In the case of movement disorders or other diseases with strong motor function involvement, motion sensors in these relatively inexpensive devices can help monitor symptom severity in the context of clinical trials, patient clinical care, and collect real-world-data related to lived experience with disease. However, we have seen very few devices transition to active use in this way. 

Challenges to developing digital biomarkers

One of the primary challenges to effectively using these types of data is our ability to interpret and distill them into “digital biomarkers” or measures of disease. Many efforts to solve this problem involve small validation studies and computational approaches carried out by a small number of individuals. But developing accurate, robust models can require enormous amounts of data. As we note in our paper, sophisticated deep learning methods can be highly accurate for the interpretation of sensor data from phones and wearables, but these types of models require vast amounts of data to train. 

Inspired by the way brains work, deep learning models with neural networks methods were overwhelmingly more accurate than signal processing-based approaches when we had massive amounts of data (in this case ~40,000 sets of sensor reads). But they performed similarly to signal processing methods when the data size was an order of magnitude smaller. Of course, data sets of sufficient size are incredibly rare and prohibitive to collect for most groups. Democratizing data access can facilitate better biomarker development.

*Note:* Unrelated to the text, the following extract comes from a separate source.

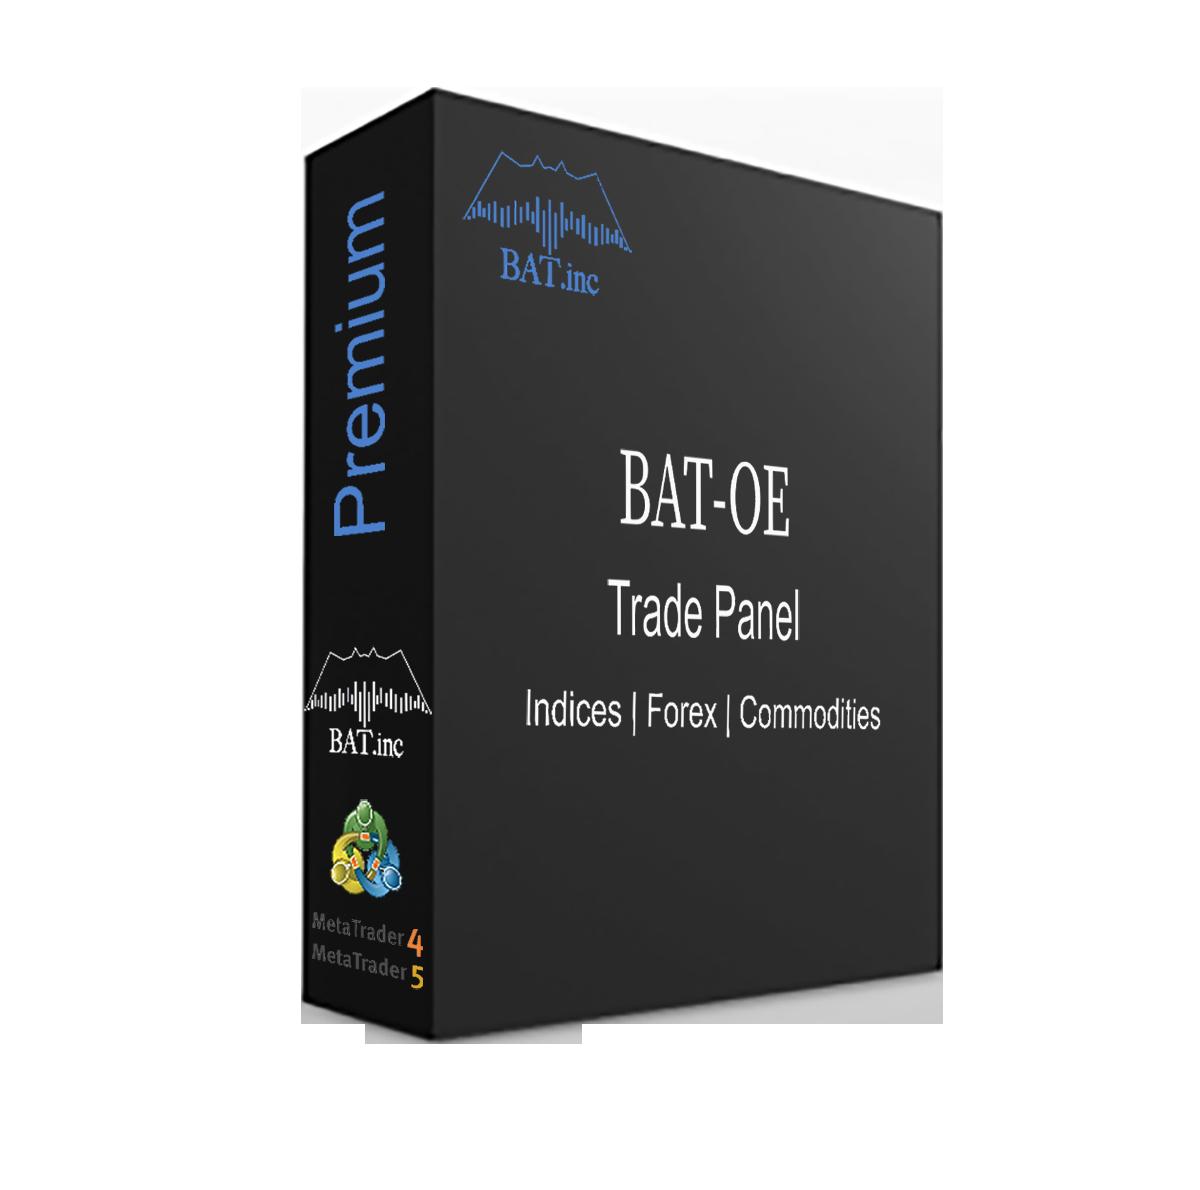 BAT-OE Product Image

Access to data is not the only barrier to the development of quality digital biomarkers. In an attempt to publish or perish, researchers’ own self-interests can lead them to use subtle tactics such as selective choice of data and metrics to improve the perception of their model accuracy relative to competing methods. Unfortunately, the peer-review process is often not sufficient to detect these subtle manipulations. This also makes it difficult to truly understand the relative performance of competing methods in a truly unbiased fashion. For a more comprehensive discussion of this issue, I suggest Norel, Rice and Stolovitzky’s paper “The self-assessment trap: can we all be better than average?”3

In addition to those conscious manipulations, eager modelers can make inadvertent mistakes which inflate the perceived accuracy of their models. For example, in situations where repeated measures from the same individuals are present in the data, splitting the data without regard to the identity of the individual from which the measurement was derived can result in inflated accuracy when the individual signature is stronger than the disease signature4. In this case, the models detect subject identity rather than disease signature. This becomes problematic when measures from each individual are present in both the training and the test set. Digital health is rife with examples where individual signatures are particularly distinct, including the one we explore in our paper: gait in Parkinson’s disease. 

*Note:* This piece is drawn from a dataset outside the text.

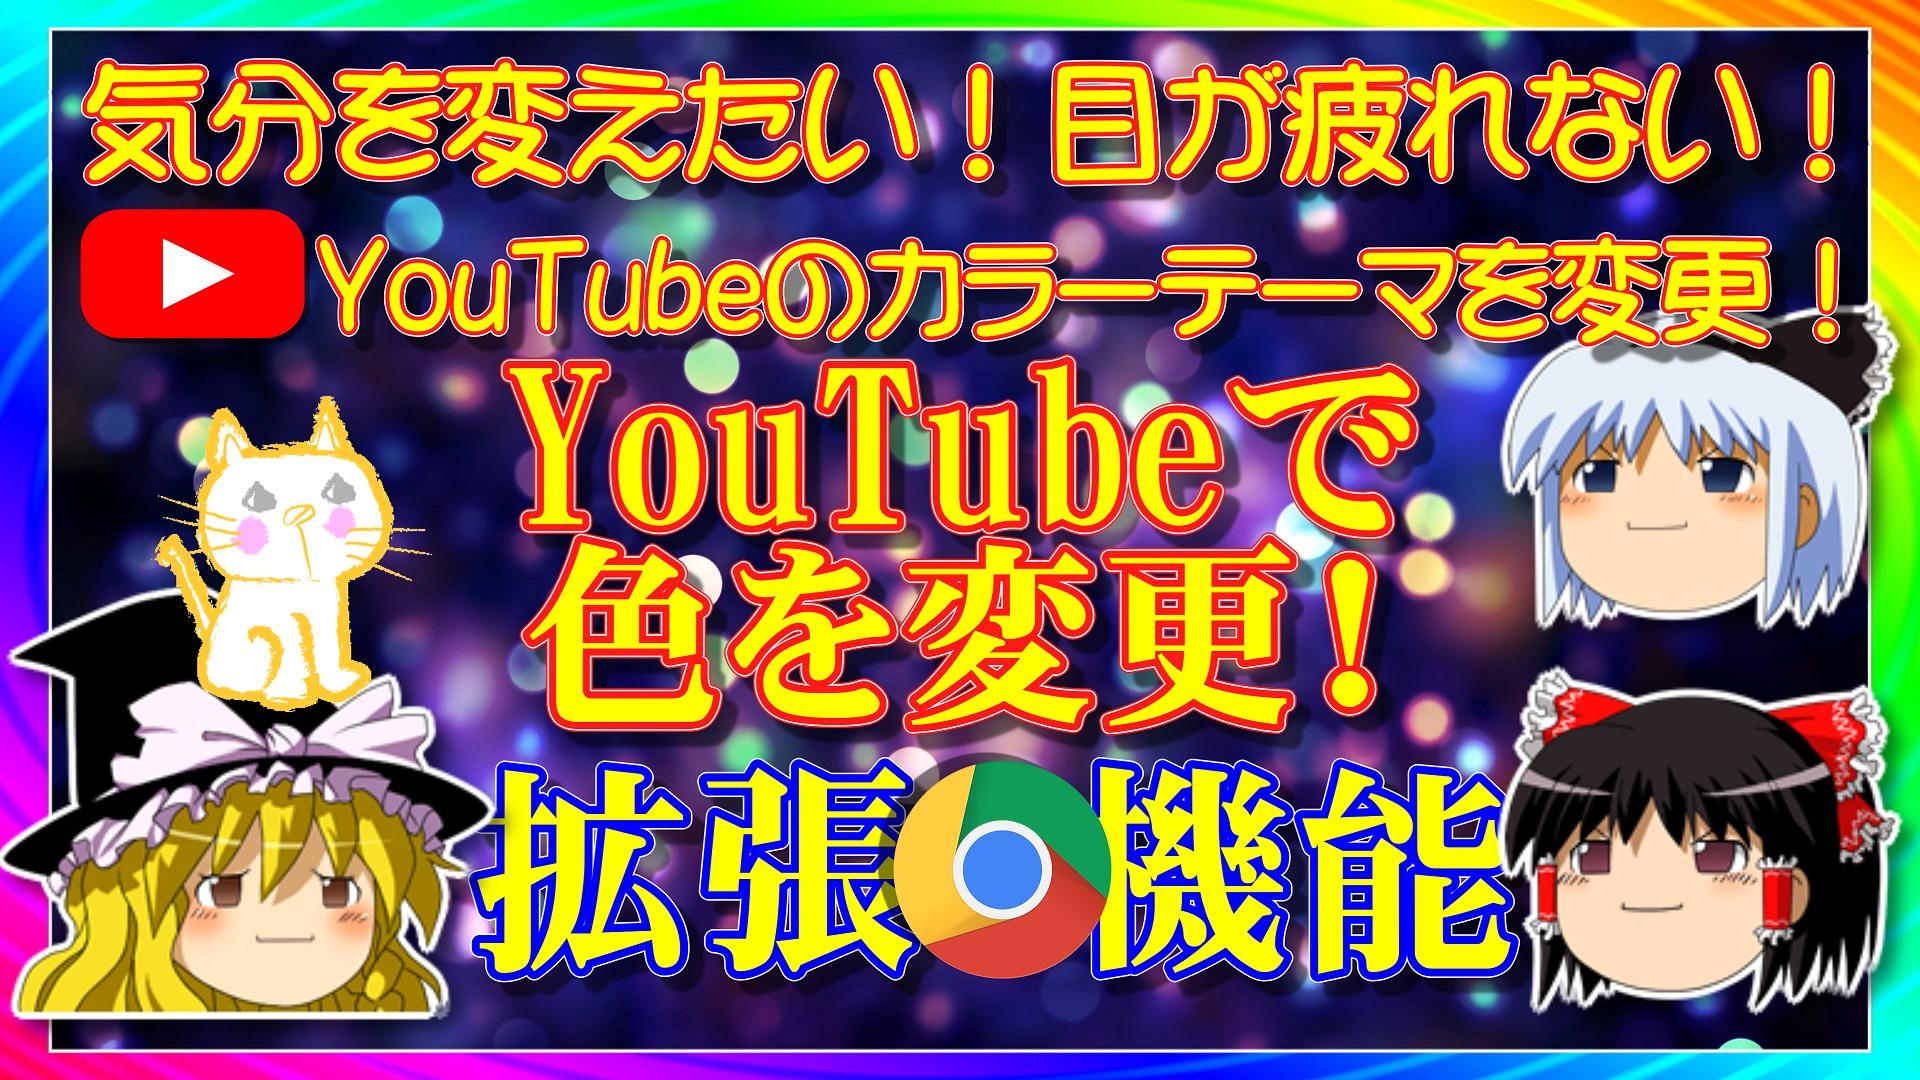 YouTubeのカラーテーマを変更するCHROME拡張機能_color_change_for_youtube

Identity confounding is not the only type of confounding that may artificially inflate the model accuracy. Age, gender and other factors may have strong associations with gait properties, as well as a variety of other digital measurements. When these confounders are not properly balanced in a machine learning data set, they may contribute to predictive models in a way that are not reflective of the disease or trait being predicted. While a savvy reviewer theoretically can catch these types of issues,we commonly see these mistakes in the mobile health literature. This suggests the field is generally not yet educated on this topic.

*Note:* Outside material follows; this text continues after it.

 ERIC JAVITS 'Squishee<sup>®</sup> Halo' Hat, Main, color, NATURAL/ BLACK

An open science approach to crowdsource solutions

So what is the best way to compare models in a way that protects against self evaluation bias and inflation of the estimated accuracy? One approach is to compare methods in the context of a data analysis challenge, in which evaluation is performed by a neutral third party, using data which are unavailable to the teams building the models. Typically, this involves providing challenge participants with a training dataset, an objective and a predefined metric (or set of metrics) used to evaluate model performance. The models are then evaluated using a held-out test set which is not available to participants. This ensures an apples-to-apples comparison of models using predefined rules of engagement thus avoiding bias in evaluations. The organizers can also take care to avoid data artifacts, such as the identity confounding issue noted above, which may inflate the accuracy estimation.

Data analysis challenges are growing in popularity both in the commercial space (via platforms like Kaggle and Innocentive) as well as the research space, where more than a dozen different organizations run biomedical-related challenges5. This includes DREAM Challenges, which is the organization under which we operated for the Parkinson’s Disease Digital Biomarker (PDDB) DREAM Challenge6. DREAM launched in 2006 and has organized a variety of challenges, primarily in the genomics and computational biology space, and is committed to using “open science” practices toward the solving of biomedical problems. Specifically, challenge solutions are required to include documentation and code or Dockerized implementation, which are made publicly available upon the close of the challenge. 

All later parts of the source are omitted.